Drug used in other indications

I am sorry, but the provided medical texts do not contain any information about a drug called SPY002 or its clinical trials for any indication, including Inflammatory Bowel Disease (IBD). Therefore, I cannot answer your question about its other trial indications or intervention models.
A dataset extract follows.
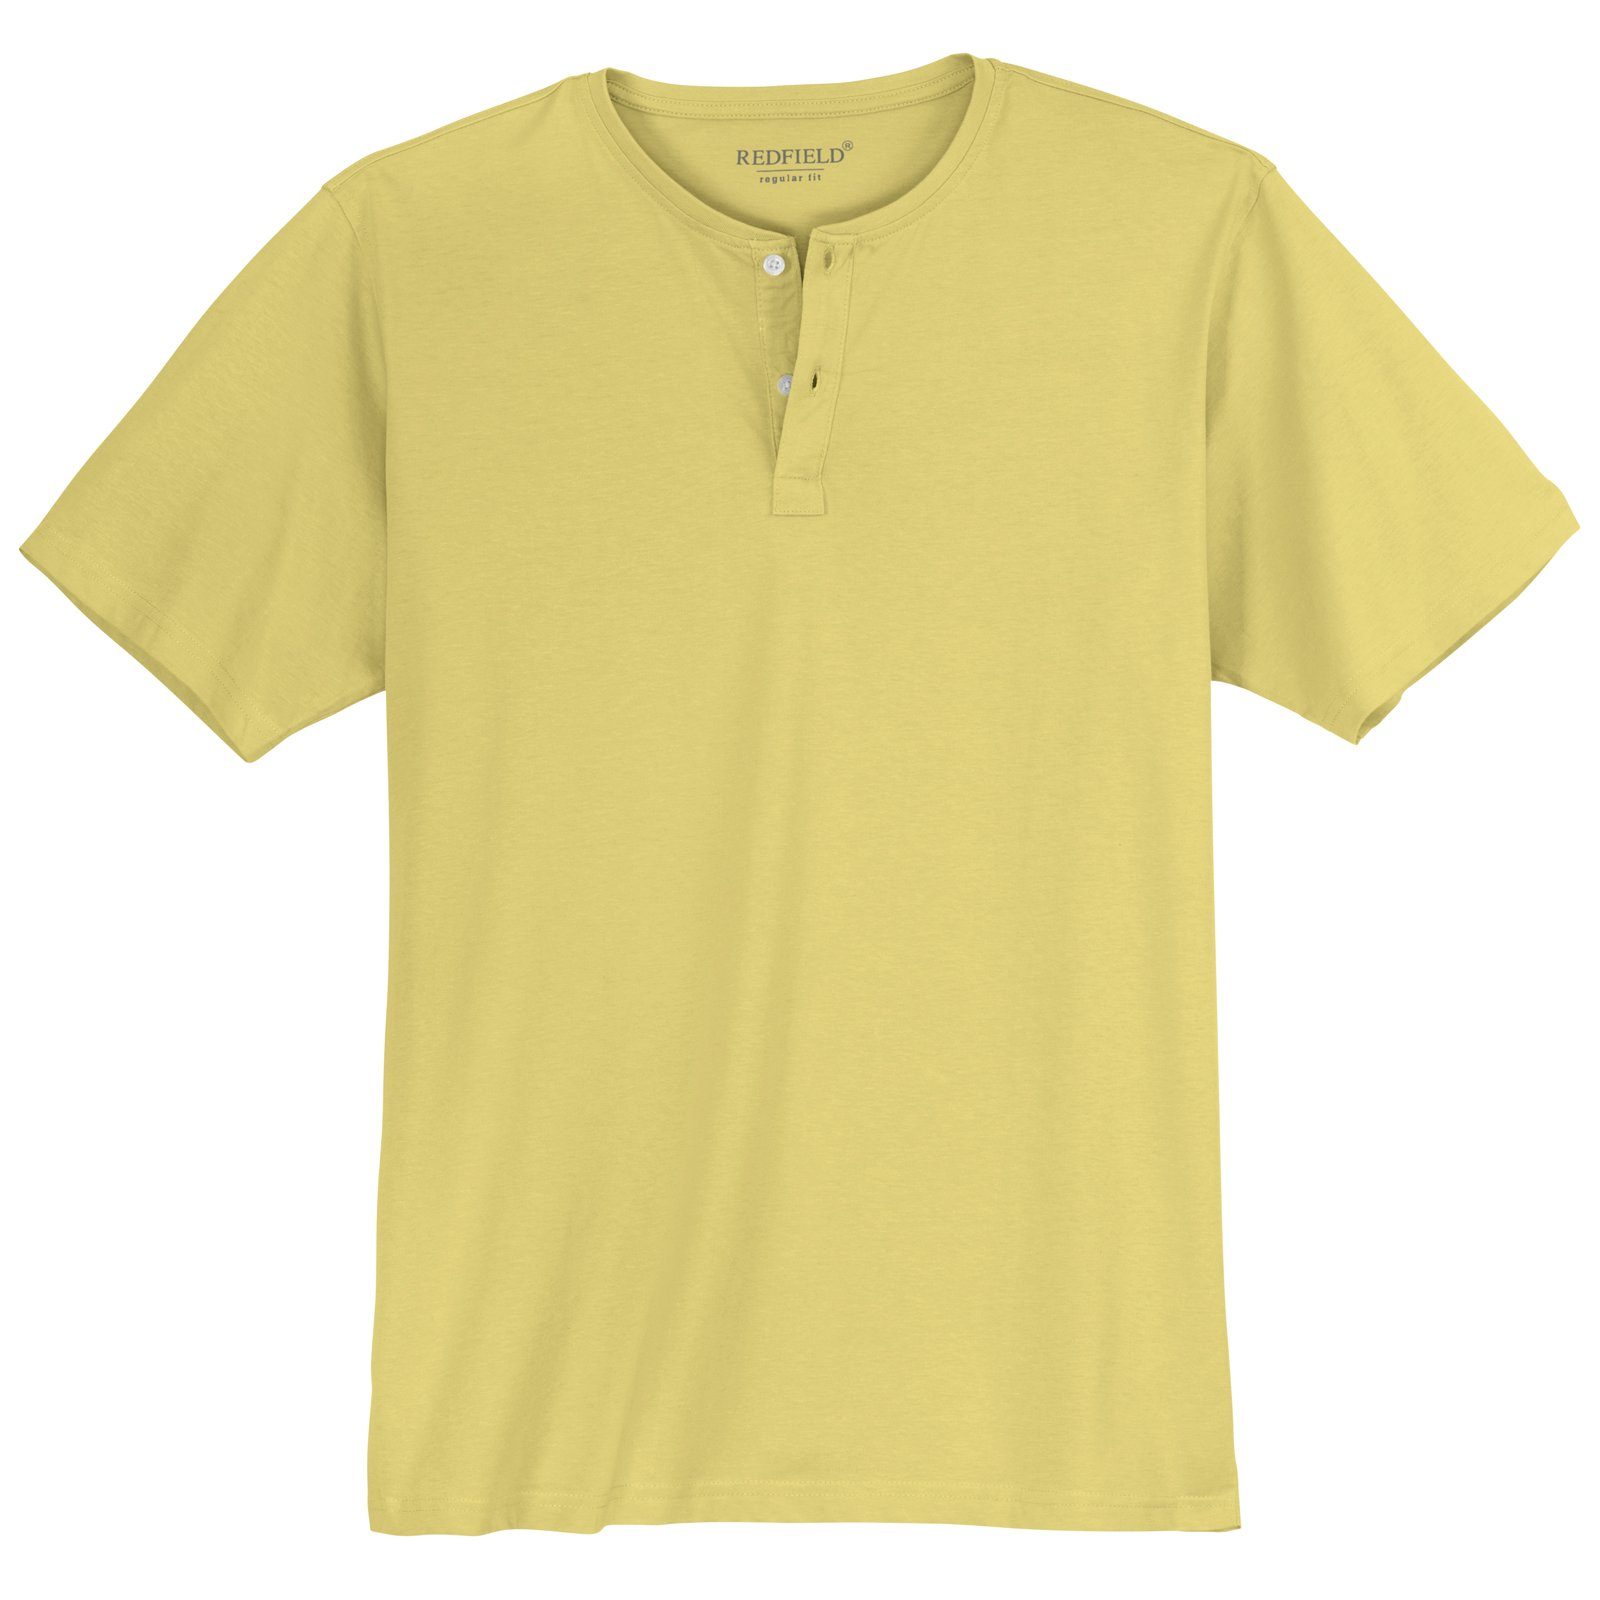 redfield Rundhalsshirt T-Shirt hellgelb Große Redfield Größen Knopfleiste Herren

The texts discuss various treatments for IBD, including:

  • Anti-TNFα agents: These have revolutionized IBD management but can also provoke new autoimmune diseases like Crohn's disease and ulcerative colitis. Etanercept, in particular, showed an increased risk of these conditions in patients treated for other autoimmune diseases.
  • Other biologics: Including vedolizumab (anti-α4β7 integrin), ustekinumab (anti-IL-12/23), and natalizumab (anti-α4). These target different inflammatory pathways and are used when patients don't respond to or can't tolerate anti-TNF agents.
  • Small molecule drugs: Such as tofacitinib and JAK inhibitors, offer alternative mechanisms of action for refractory IBD.
  • Emerging therapies: Including selective JAK inhibitors, IL-23p19 inhibitors, S1P receptor modulators, and anti-lymphocyte trafficking agents. These are showing promise in clinical trials.
  • Combination therapies: Using two biologics or a biologic with tofacitinib is being explored for refractory IBD, but more research is needed.
  • Other approaches: Probiotics, synbiotics, fecal microbiota transplantation, and dietary modifications like the specific carbohydrate diet are also being investigated.

If you can provide more information about SPY002 or its trials, I may be able to assist you further.